“I am not asked to make a sacrifice”

[Please note: ACIM passages quoted in this article reference the Foundation for Inner Peace (FIP) Edition.]

First off, I want to apologize for being away for so long. I’ve had quite a lengthy illness, which the rest of my family here got, but I got worse! That’s why we had no CCC classes last month and why I’ve been so silent here. I’m feeling much better now and as a result am getting back on track with my practice, and I wanted to share a bit about how it’s going today. I’m doing Lesson 343 today:

“I  am not asked to make a sacrifice
To find the mercy and the peace of God.”

I find myself relating to this lesson in a way I haven’t before, and it’s really because of a single observation. This morning I realized that I see every little thing that I’m asked to do “to find the mercy and the peace of God” to be a sacrifice. Pausing for a practice period. Saying the prayer for this lesson. Forgiving other people. Giving to other people. Dispelling wandering thoughts when I meditate. Asking for guidance. All of it seems like a sacrifice. Now I know it’s not really, but that hasn’t kept it from feeling that way on an emotional level. When I think of getting to God I feel this enormous sense of payment. It feels like purchasing the world’s most expensive car when you’re poor.

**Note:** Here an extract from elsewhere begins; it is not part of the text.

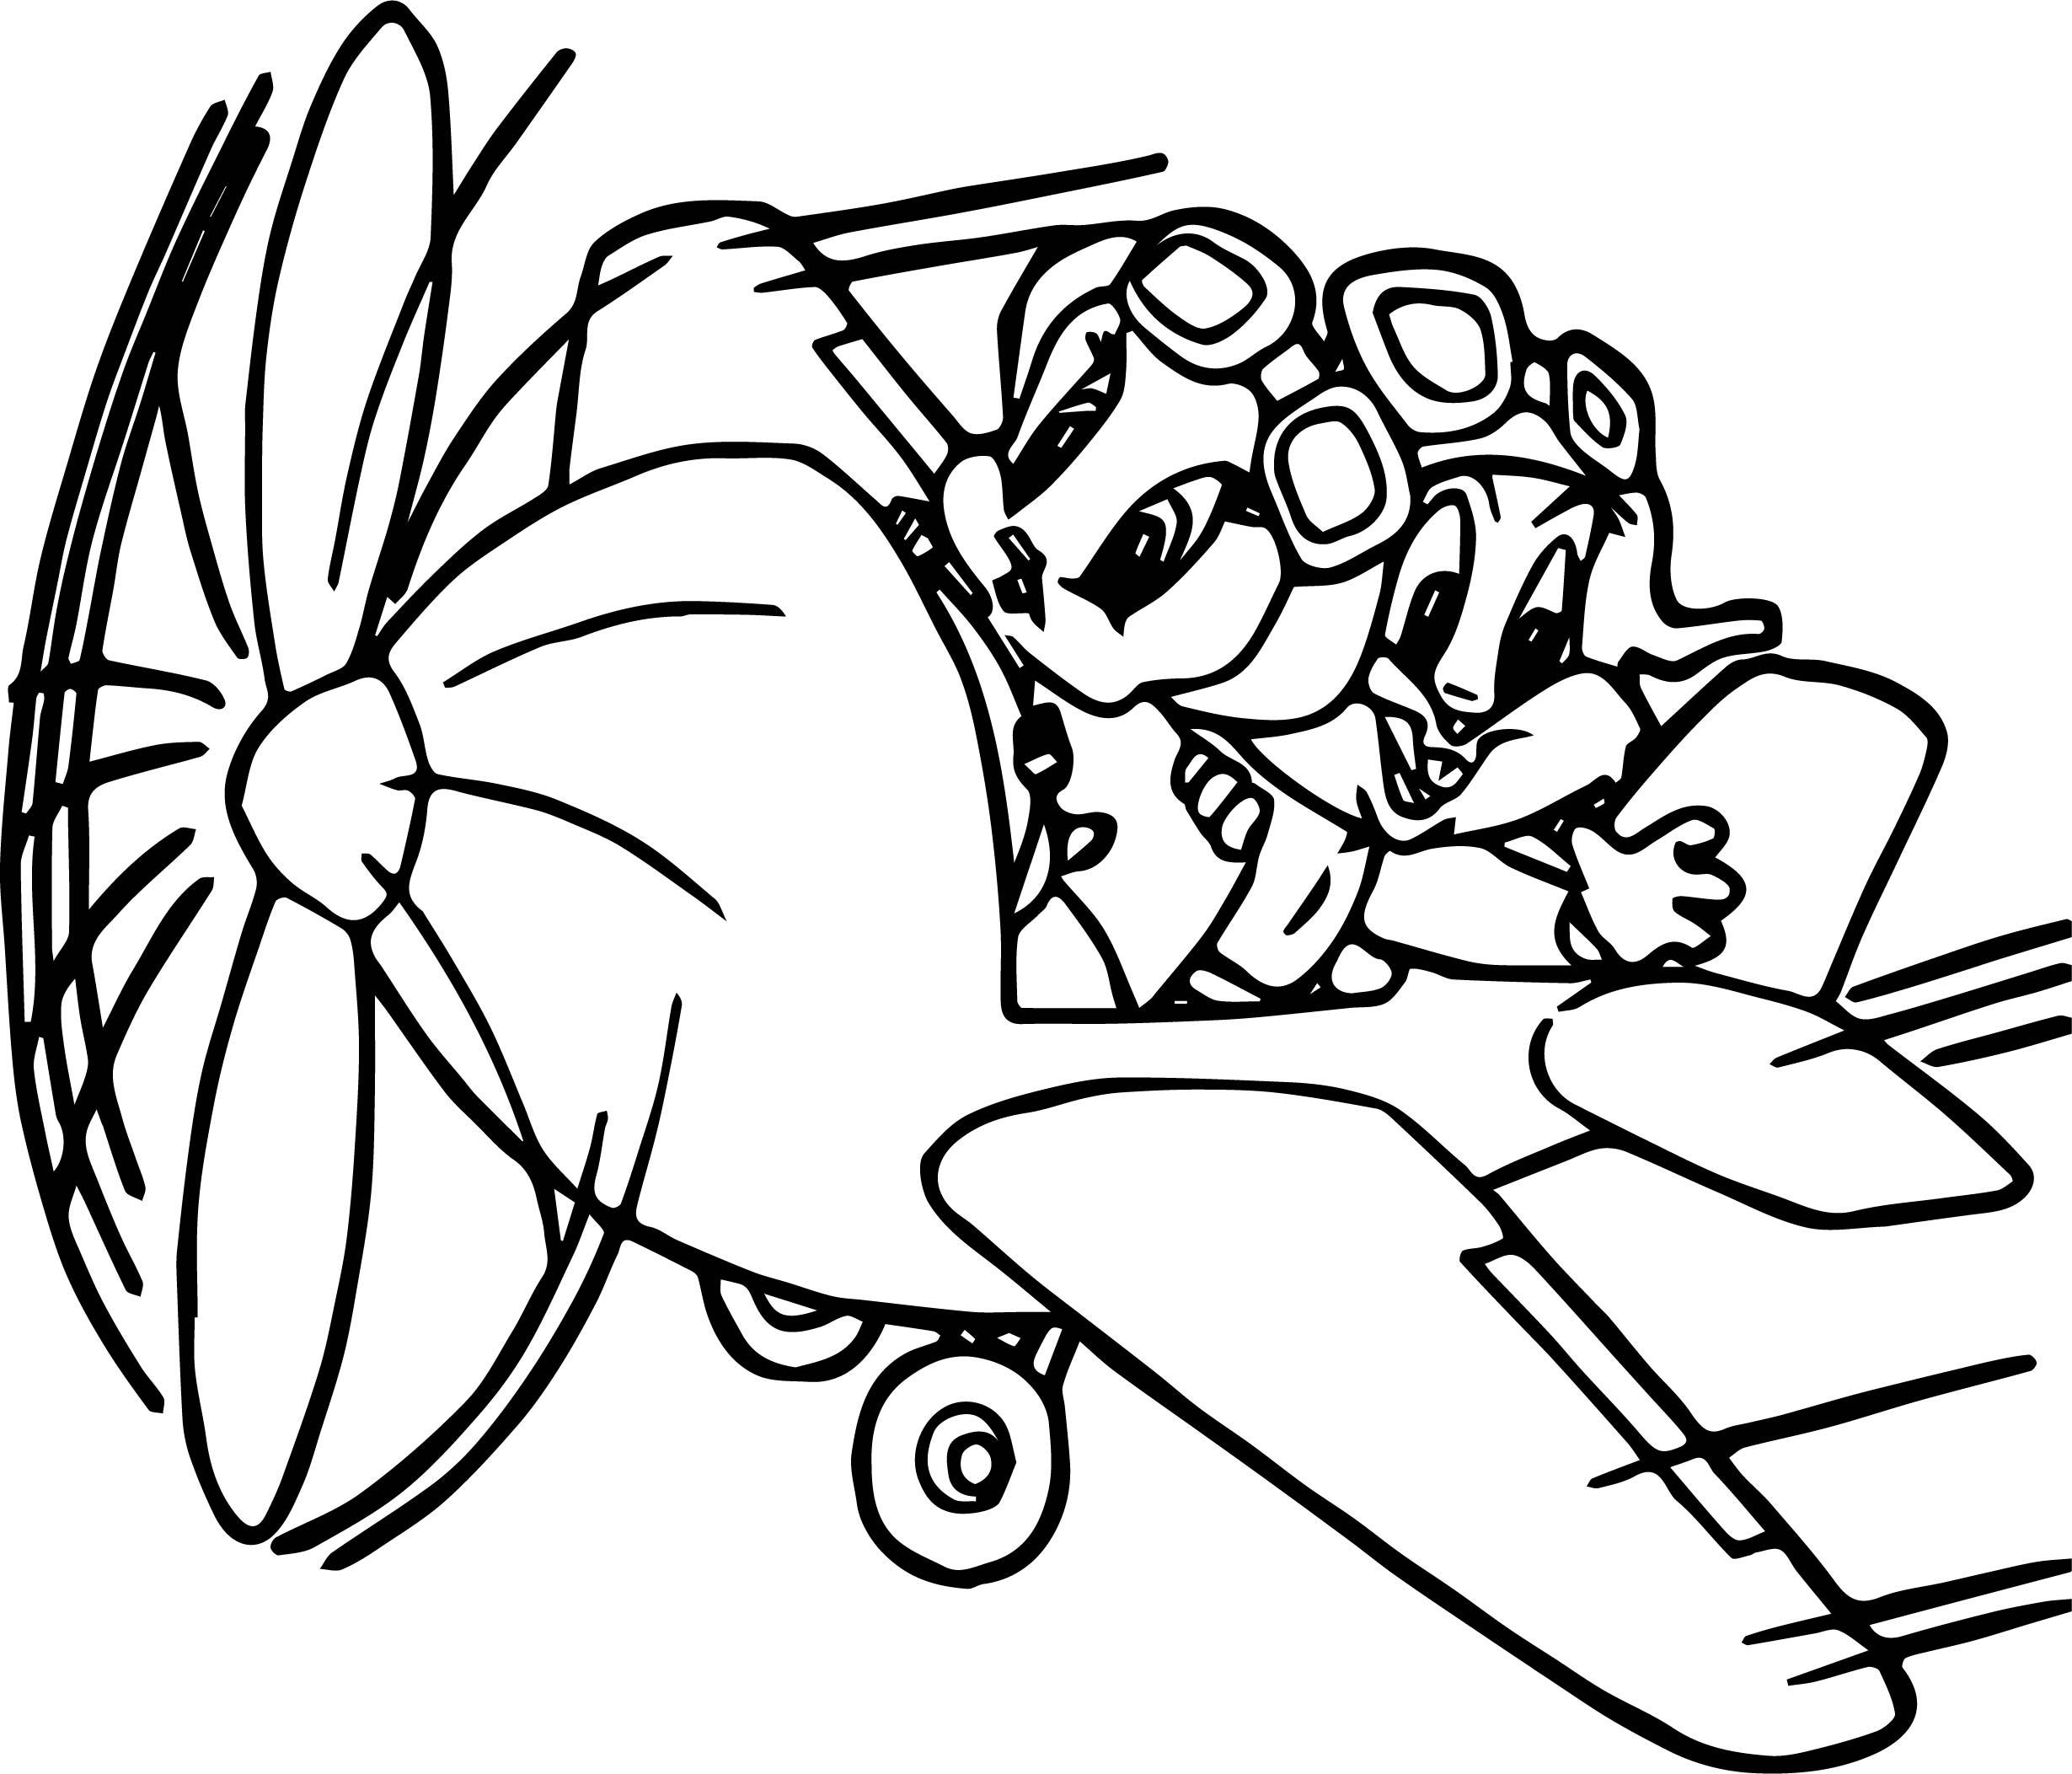 2459x2105 Warner Bros Baby Looney Tunes Bugs Bunny Tweety Plane Coloring

What came to me today is that this is really a problem of mislabeling. I’ve labeled all those things I mentioned above as sacrifice. And I’ve labeled the things I would do instead as pleasure, as kindness to myself. That simple act of mislabeling makes a huge difference. Those labels become self-fulfilling: I call practice a drudgery and so I (at least partly) experience it as drudgery.

So today I’ve been trying to label all the elements of the Course’s program as a kindness to myself. I’ve been trying to see them all as joyous acts of laying hold of the mercy and the peace of God for free. So far it’s had two effects. One is that I’ve been keeping with the practice really well. My usual ambivalence seems gone. The other is that I am finding the thought that there’s nothing to sacrifice in order to find God to be an astonishing thought. How incredible! Could it really be true? Is it possible that there is absolutely no cost, nothing (real) to give up, in order to find God? What a deal! Why have I been doing so much procrastinating on the journey home?